July Daring Cooks Challenge: More Photos




Thursday
Jul162009

July Daring Cooks Challenge: Molecular Cuisine and Me


For this month's Daring Cooks Challenge, Sketchy chose a recipe from Grant Achatz' Alinea at Home cookbook - Skate, traditional flavors powdered. Because of my own taste preferences and availability/sustainability of seafood and a couple of missteps along the way, my challenge became something more along the lines of Scallops, simplified flavors powdered. The experience itself was one that I am happy to have tried, and certain techniques will get incorporated into my routine. That being said, I'm not so sure that there is a future in it all for me.


The whole process started one sunday with the dehydration of the various flavor components - capers, red onions, candied lemons, cilantro and parsley. I knew I was in trouble when the only thing that smelled remotely enticing to me was the candied lemon zest. I'd read from another adventurer that the smell of these items all together was wonderful, and it just wasn't flying for me.

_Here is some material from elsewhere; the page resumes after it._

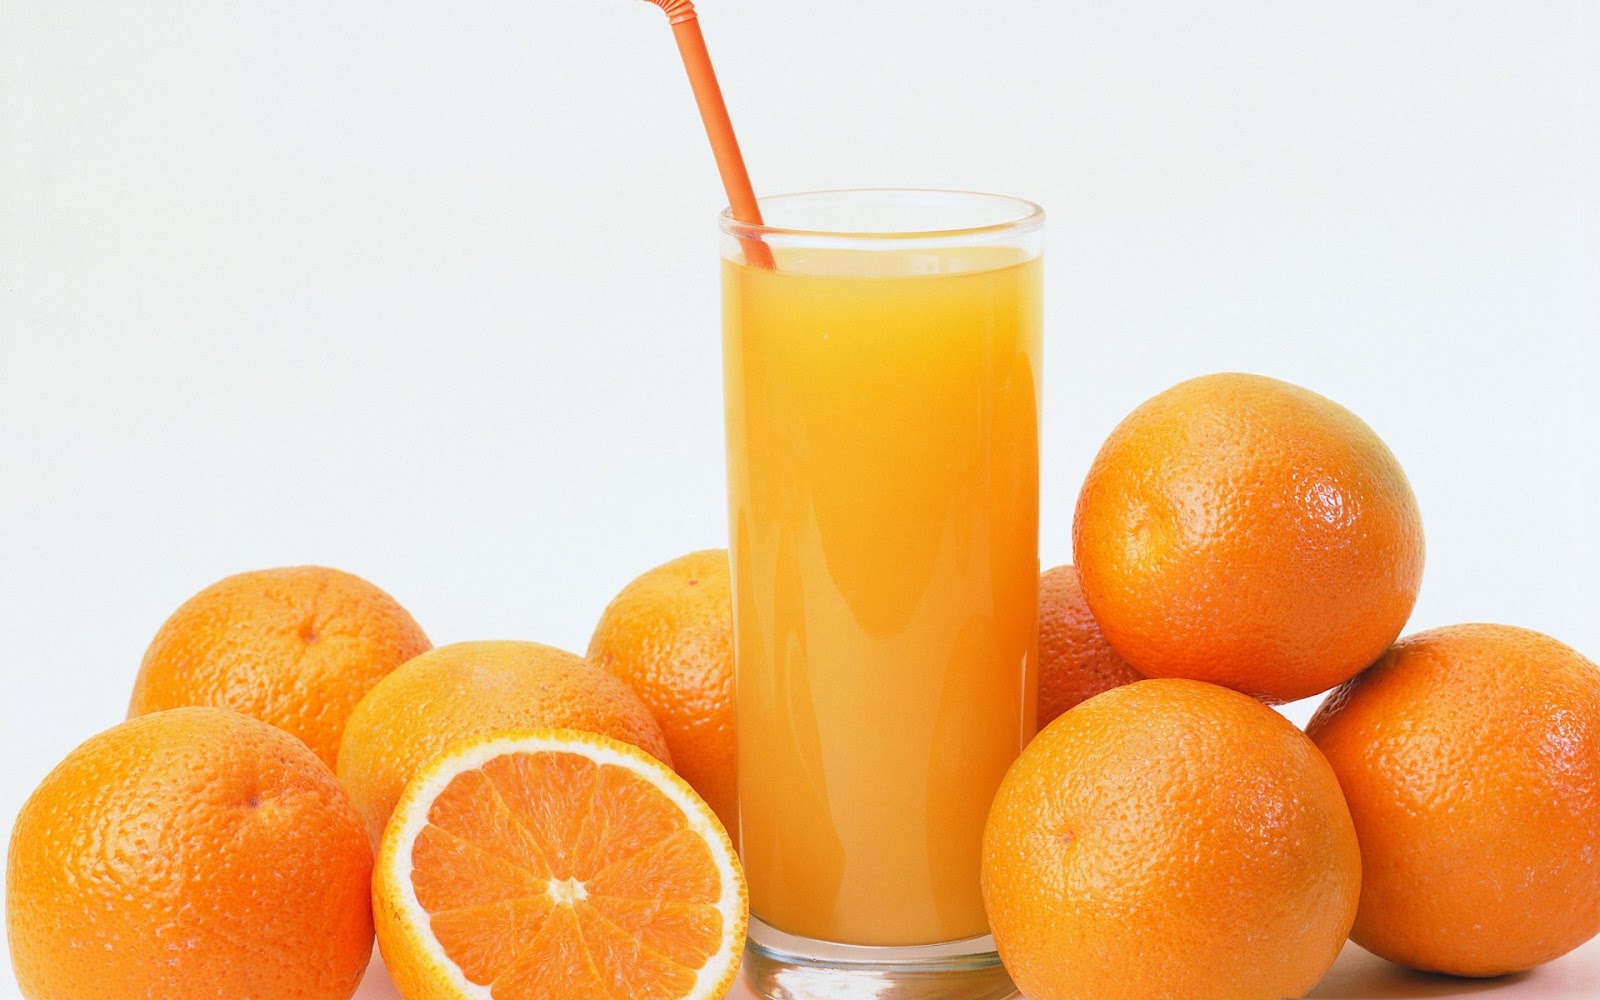 Ready To Ditch The Chemicals And Added Sugar In Store-Bought Juice Yet? Read Here! 2
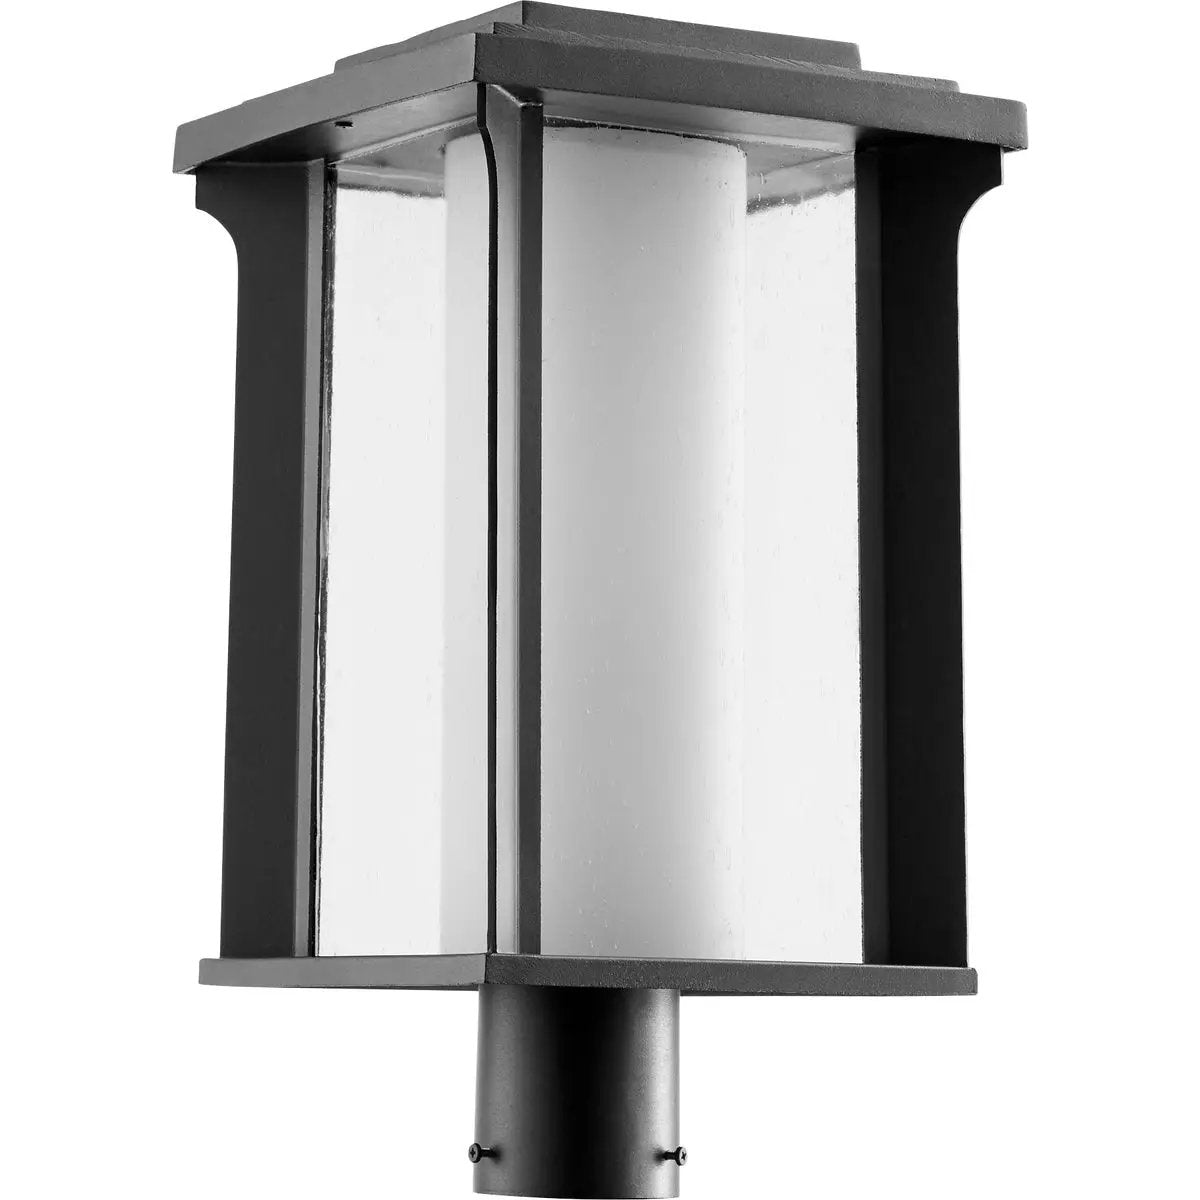 Transitional Outdoor Post Light with molded details and boxed design, featuring a noir finish and satin opal glass cylinder diffuser.

I ventured on, however, and ground up the condiments and sorted them into little jars to await the rest of the challenge. Lesson learned: really dehydrate everything that you intend to grind up because it makes a big difference in the ability to grind the ingredients as well as the taste profiles. My red onions and capers were just the tiniest bit soft when I ground them and I believe I lost a lot of the effect for those powders (not just because that bit of moisture made them more lumpy than powder-like).

The final powder was a brown butter powder which just didn't work for me. I used dry milk powder and baked it as suggested. Mine did not brown, and I was so afraid of burning it, that I sort of took it as is. I then attempted to grind the dehydrated banana that I had purchased at Trader Joe's for the rest of the brown butter powder. Another dehydration fail. It wasn't so much dehydrated banana as it was banana leather. Leather doesn't grind. It's actually very tasty, but not useful in a spice grinder. So I used the lightly toasted milk powder on its own, but I am positive that I did not get the benefit of that flavor profile.

On challenge day, I had a hard time finding one of the substitute fishes that had been suggested by Sketchy, and was not entirely disappointed because of the aforementioned sustainability issues. I went with scallops, frankly because I already had access to them and I thought the texture would lend itself well as a substitute. In this, I was right.

The next step called for simmering green beans and the fish (separately) in beurre monte - essentially chunks of cold butter with a bit of water. This technique really brought out the richness and simplicity of the scallops and gave a sweetness to the green beans. I emphasize simple here, since the flavor dynamics of this dish are all in the powders, but there was something refreshing in that simplicity and I will definitely use that method again.

When it came time to plate, I kept to the recipe as close as I could. I thinly sliced bananas (which I was very skeptical about), topped them with my buttery beans and then the scallops which I dusted with my cream-colored powder. I created two powdered flavor areas - one for the caper/red onion/herbs and one for the lemon powder to which I added some smoky paprika and some garlic powder, partly for color and partly because I was nervous about the caper/onion/herb set not being as amazing for me as it might be for some others.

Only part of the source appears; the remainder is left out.